BEGIN

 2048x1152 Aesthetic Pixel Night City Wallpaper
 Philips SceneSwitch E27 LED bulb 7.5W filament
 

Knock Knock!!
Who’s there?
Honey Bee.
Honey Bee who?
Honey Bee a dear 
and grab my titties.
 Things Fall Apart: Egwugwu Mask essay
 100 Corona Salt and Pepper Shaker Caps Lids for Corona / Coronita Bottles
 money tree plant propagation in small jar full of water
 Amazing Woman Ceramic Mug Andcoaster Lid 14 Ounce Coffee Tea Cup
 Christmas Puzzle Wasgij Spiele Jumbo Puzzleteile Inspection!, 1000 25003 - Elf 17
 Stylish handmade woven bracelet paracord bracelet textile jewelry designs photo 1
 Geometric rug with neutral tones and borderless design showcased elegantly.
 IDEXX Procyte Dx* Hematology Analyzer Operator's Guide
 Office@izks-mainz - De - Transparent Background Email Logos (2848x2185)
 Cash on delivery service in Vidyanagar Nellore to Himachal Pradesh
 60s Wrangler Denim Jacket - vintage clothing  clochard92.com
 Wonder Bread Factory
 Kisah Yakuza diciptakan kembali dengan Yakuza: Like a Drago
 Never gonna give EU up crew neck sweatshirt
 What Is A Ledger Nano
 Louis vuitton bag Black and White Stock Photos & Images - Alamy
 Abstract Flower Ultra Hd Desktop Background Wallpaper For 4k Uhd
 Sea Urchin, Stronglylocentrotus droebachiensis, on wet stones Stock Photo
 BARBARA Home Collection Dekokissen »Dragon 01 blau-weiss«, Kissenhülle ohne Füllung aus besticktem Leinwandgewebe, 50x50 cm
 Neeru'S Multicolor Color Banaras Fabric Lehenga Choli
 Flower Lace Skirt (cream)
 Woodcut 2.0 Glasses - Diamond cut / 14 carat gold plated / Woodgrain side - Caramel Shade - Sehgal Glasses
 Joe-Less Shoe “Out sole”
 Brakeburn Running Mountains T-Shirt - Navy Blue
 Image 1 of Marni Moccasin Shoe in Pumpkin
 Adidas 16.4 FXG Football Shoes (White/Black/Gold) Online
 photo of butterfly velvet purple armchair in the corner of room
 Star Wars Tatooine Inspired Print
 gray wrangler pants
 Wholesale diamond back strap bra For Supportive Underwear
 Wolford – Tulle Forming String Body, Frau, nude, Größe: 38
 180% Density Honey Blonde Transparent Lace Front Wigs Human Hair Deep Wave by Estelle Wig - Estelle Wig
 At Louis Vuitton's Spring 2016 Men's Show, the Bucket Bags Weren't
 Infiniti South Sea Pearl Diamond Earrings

END

**WORK TO COMPLETE**
Transcribe the records above exactly, but only from the line that contains "Sea Urchin, Stronglylocentrotus" through their final line, inclusive.

**RESPONSE**
 Sea Urchin, Stronglylocentrotus droebachiensis, on wet stones Stock Photo
 BARBARA Home Collection Dekokissen »Dragon 01 blau-weiss«, Kissenhülle ohne Füllung aus besticktem Leinwandgewebe, 50x50 cm
 Neeru'S Multicolor Color Banaras Fabric Lehenga Choli
 Flower Lace Skirt (cream)
 Woodcut 2.0 Glasses - Diamond cut / 14 carat gold plated / Woodgrain side - Caramel Shade - Sehgal Glasses
 Joe-Less Shoe “Out sole”
 Brakeburn Running Mountains T-Shirt - Navy Blue
 Image 1 of Marni Moccasin Shoe in Pumpkin
 Adidas 16.4 FXG Football Shoes (White/Black/Gold) Online
 photo of butterfly velvet purple armchair in the corner of room
 Star Wars Tatooine Inspired Print
 gray wrangler pants
 Wholesale diamond back strap bra For Supportive Underwear
 Wolford – Tulle Forming String Body, Frau, nude, Größe: 38
 180% Density Honey Blonde Transparent Lace Front Wigs Human Hair Deep Wave by Estelle Wig - Estelle Wig
 At Louis Vuitton's Spring 2016 Men's Show, the Bucket Bags Weren't
 Infiniti South Sea Pearl Diamond Earrings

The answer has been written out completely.